Activity: An exact copy is all that is wanted: the lines from the one with "2 PACK IP44" through the end of the listing below, both included, minus any pictures.
------ Given information ------
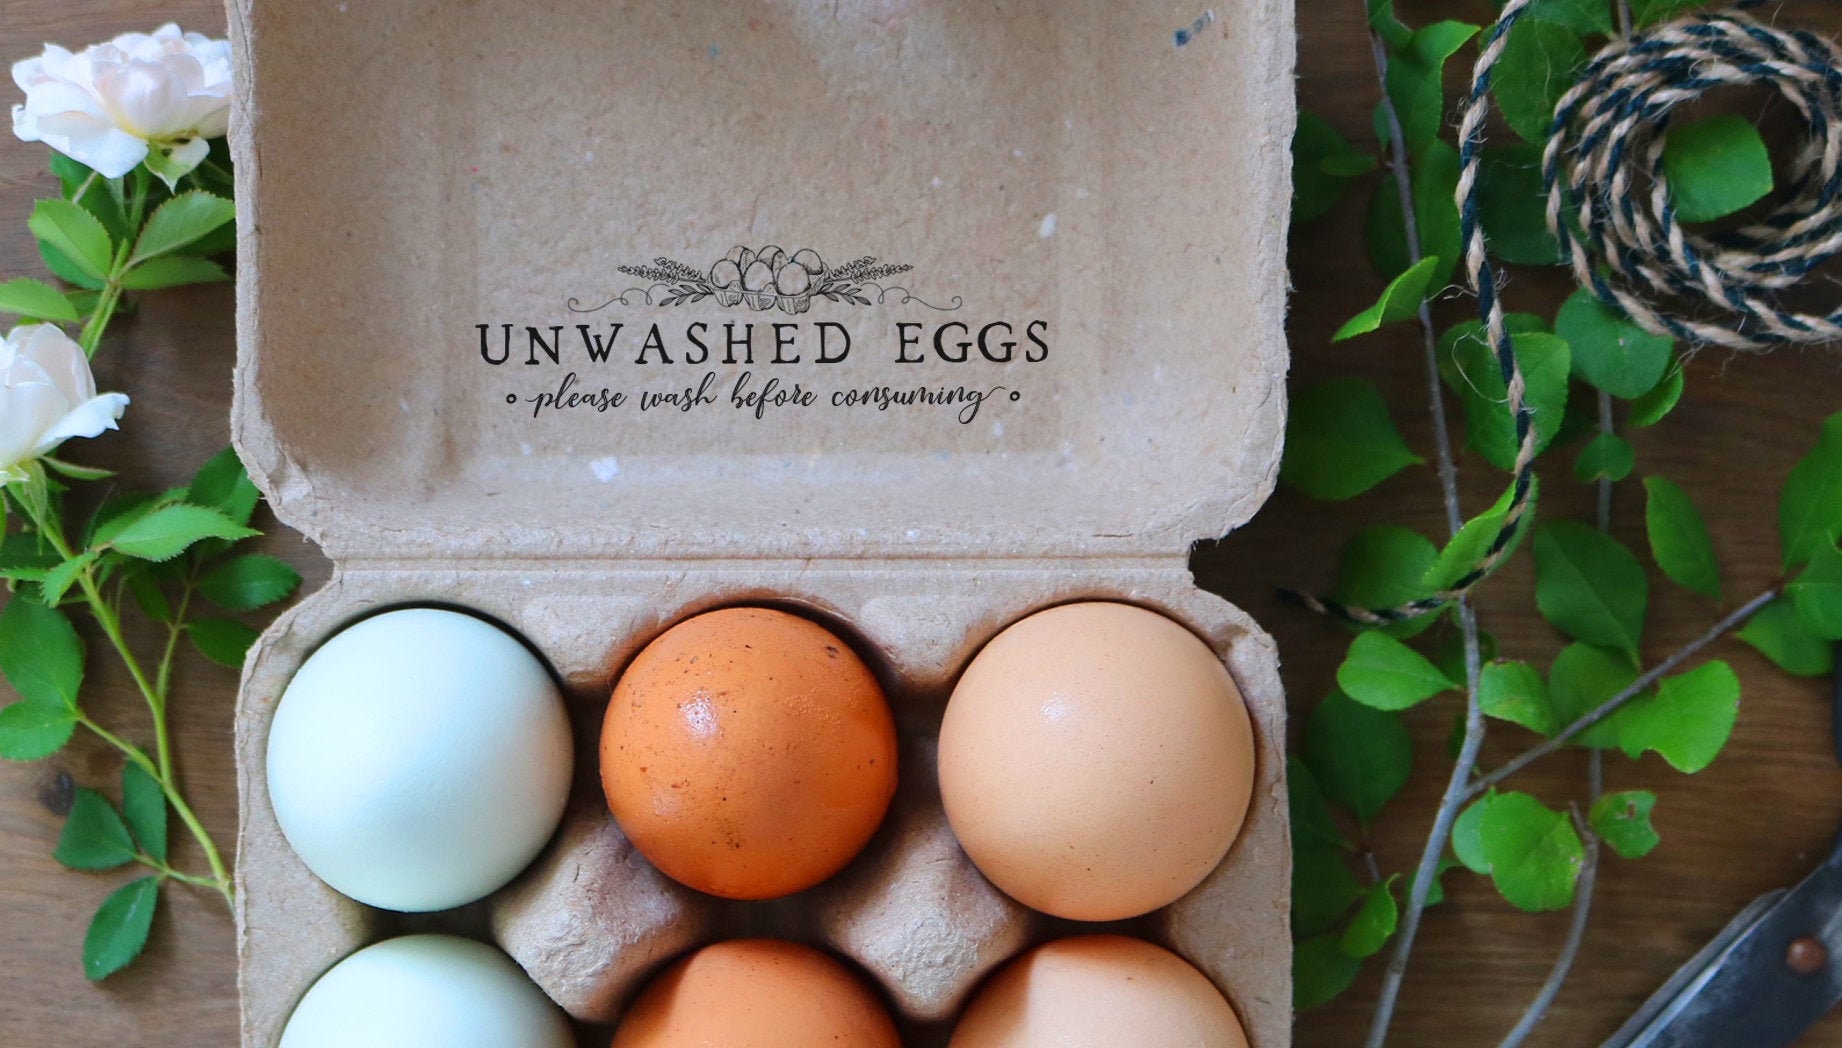 Farm Fresh Eggs with Chicken in Nesting Box Rubber Stamp – Wild Feather Farm
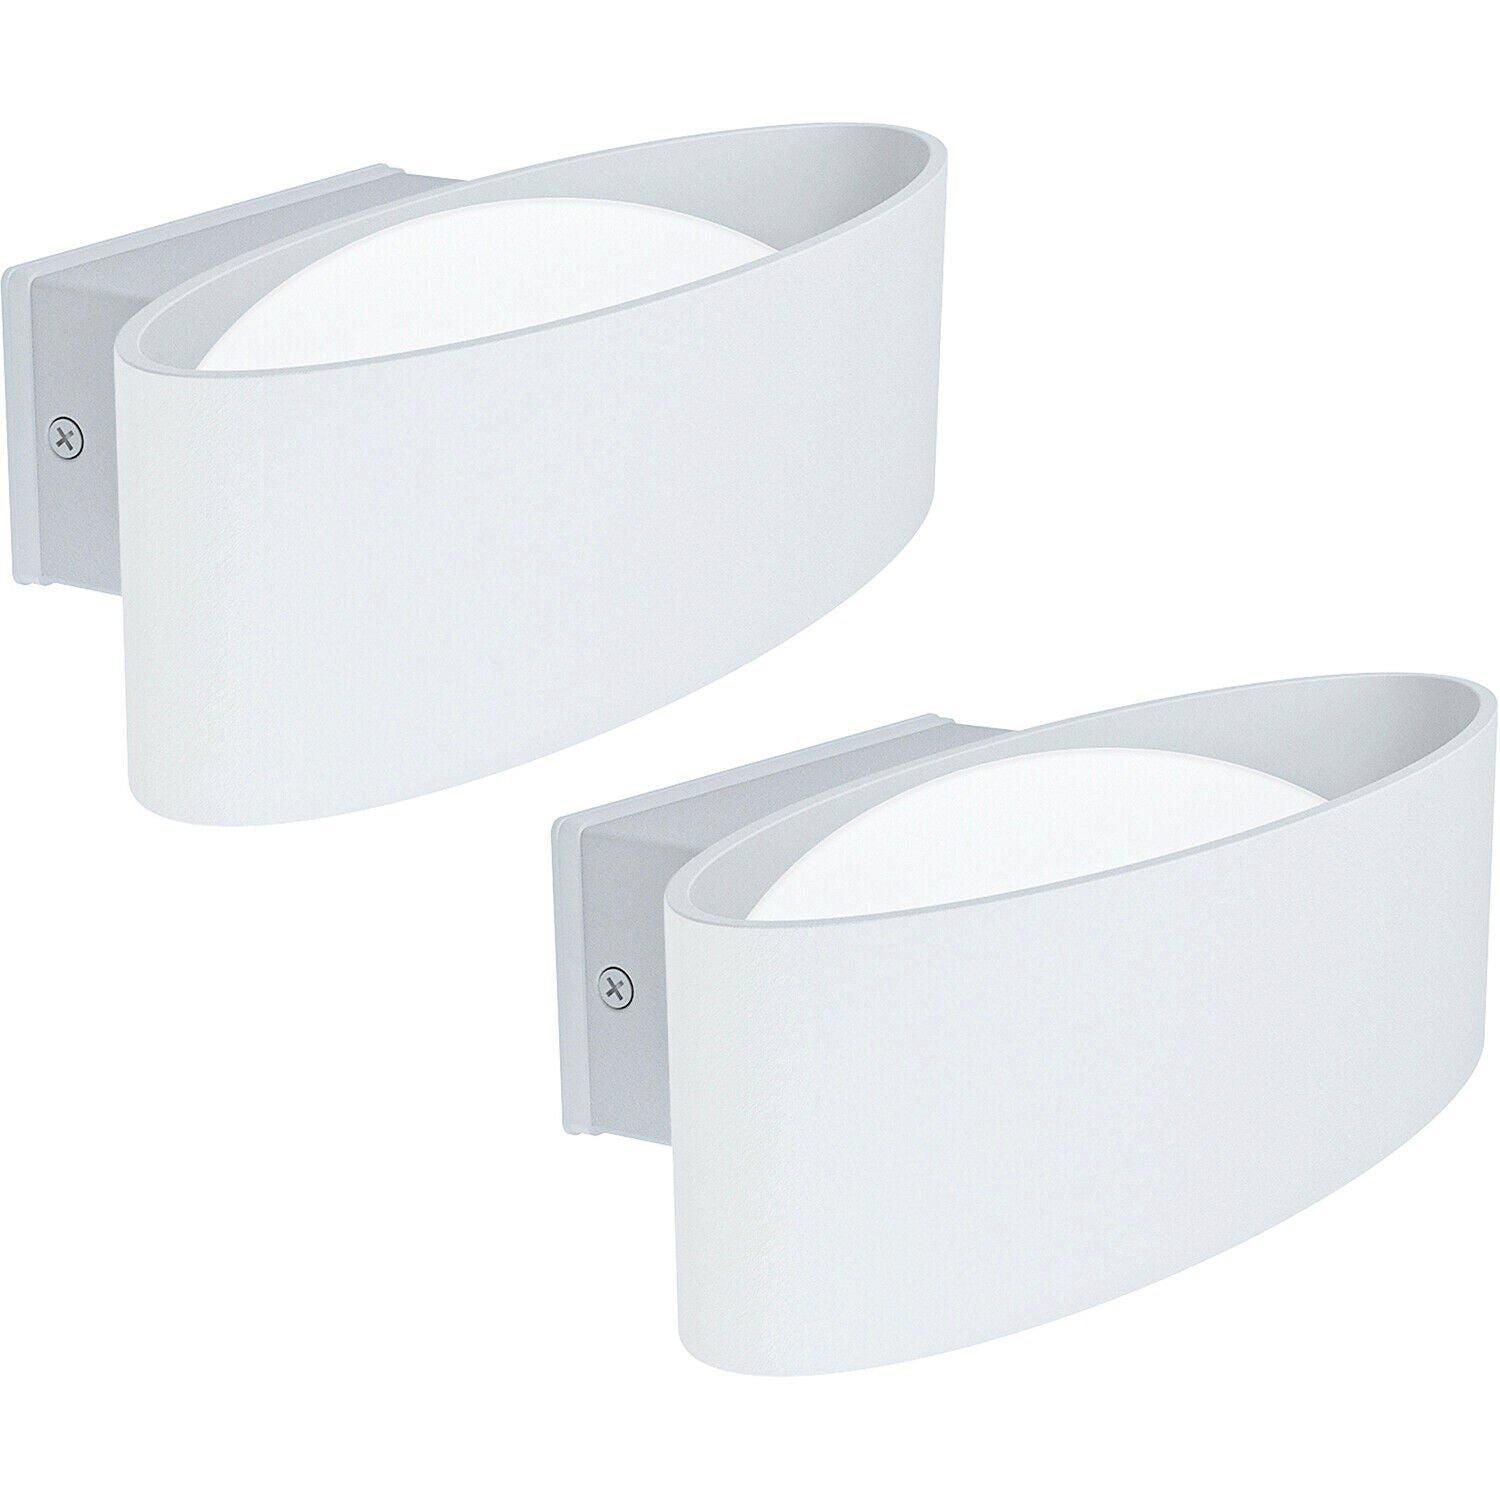 2 PACK IP44 Outdoor Wall Light White Aluminium & Steel 10W LED Porch Lamp
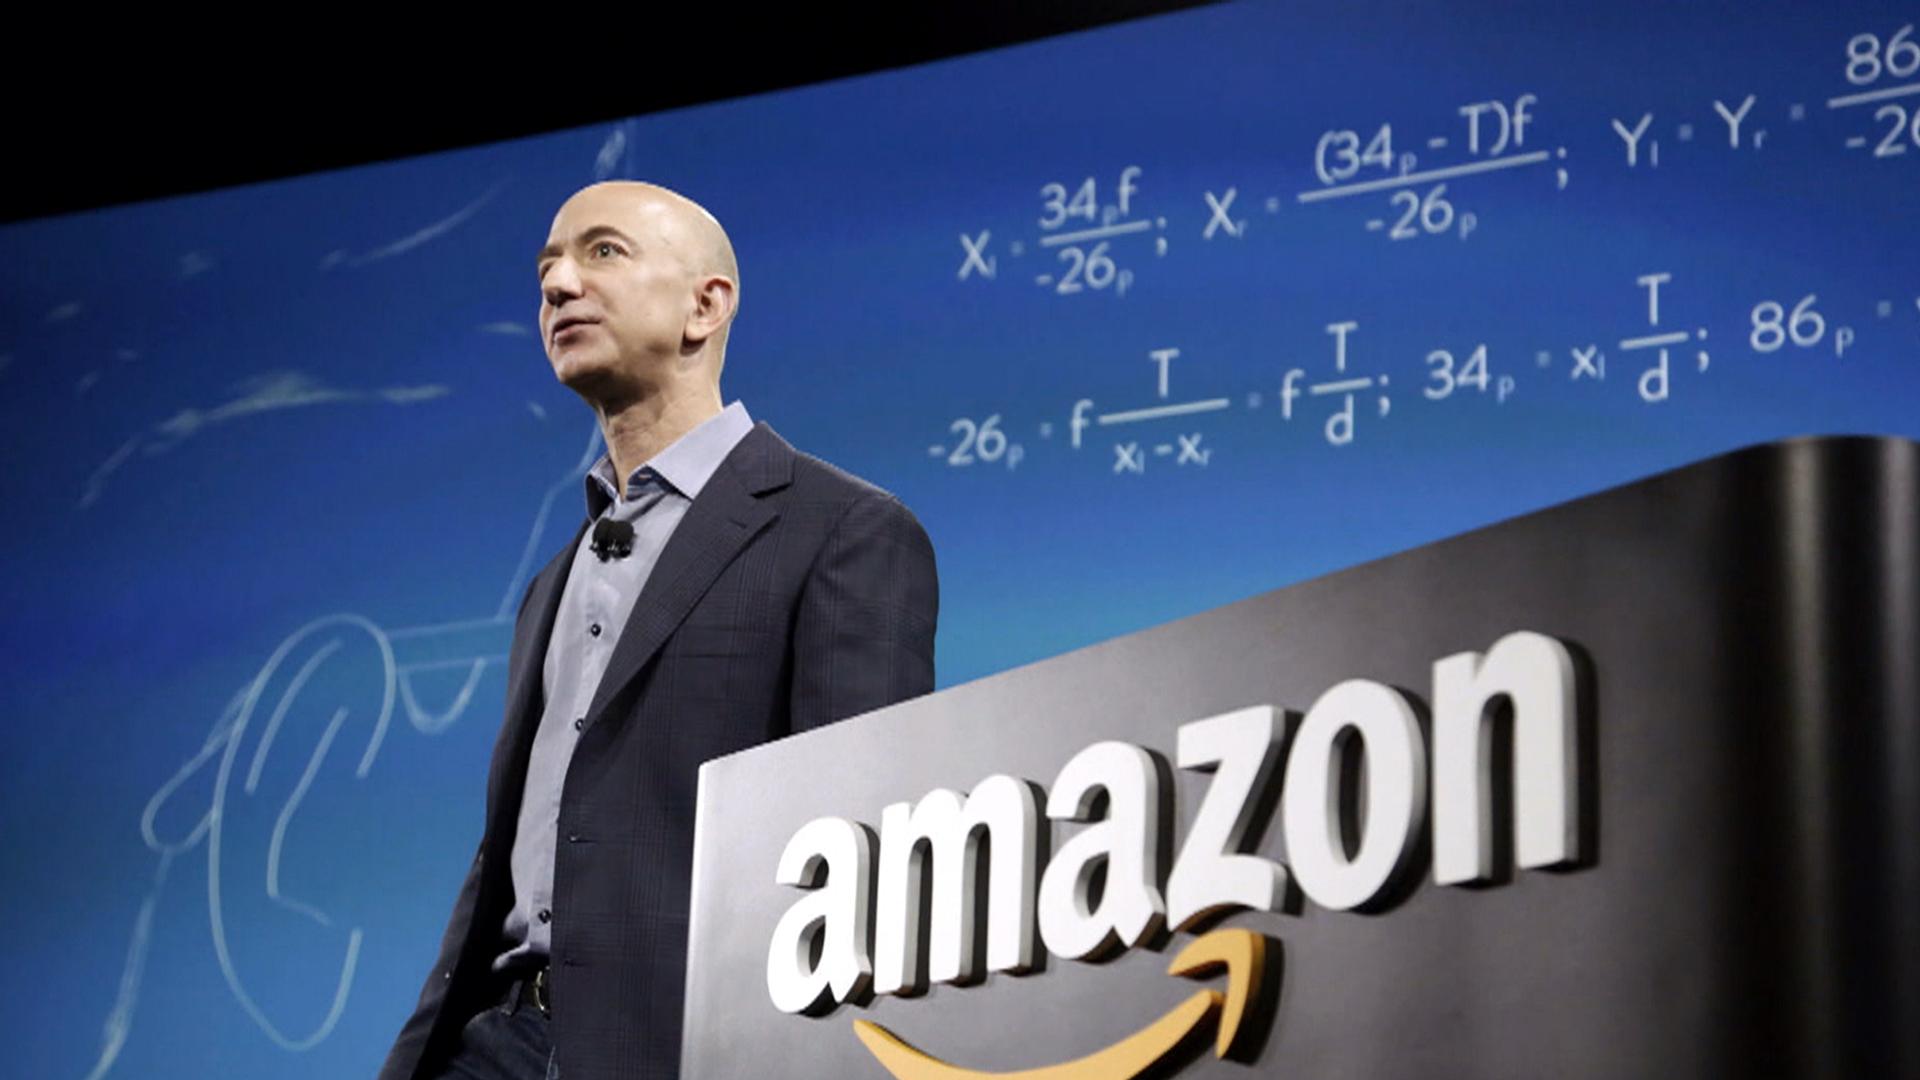 Amazon CEO Jeff Bezos fires back at NY Times over critique
------
Result for this task:
 2 PACK IP44 Outdoor Wall Light White Aluminium & Steel 10W LED Porch Lamp
 Amazon CEO Jeff Bezos fires back at NY Times over critique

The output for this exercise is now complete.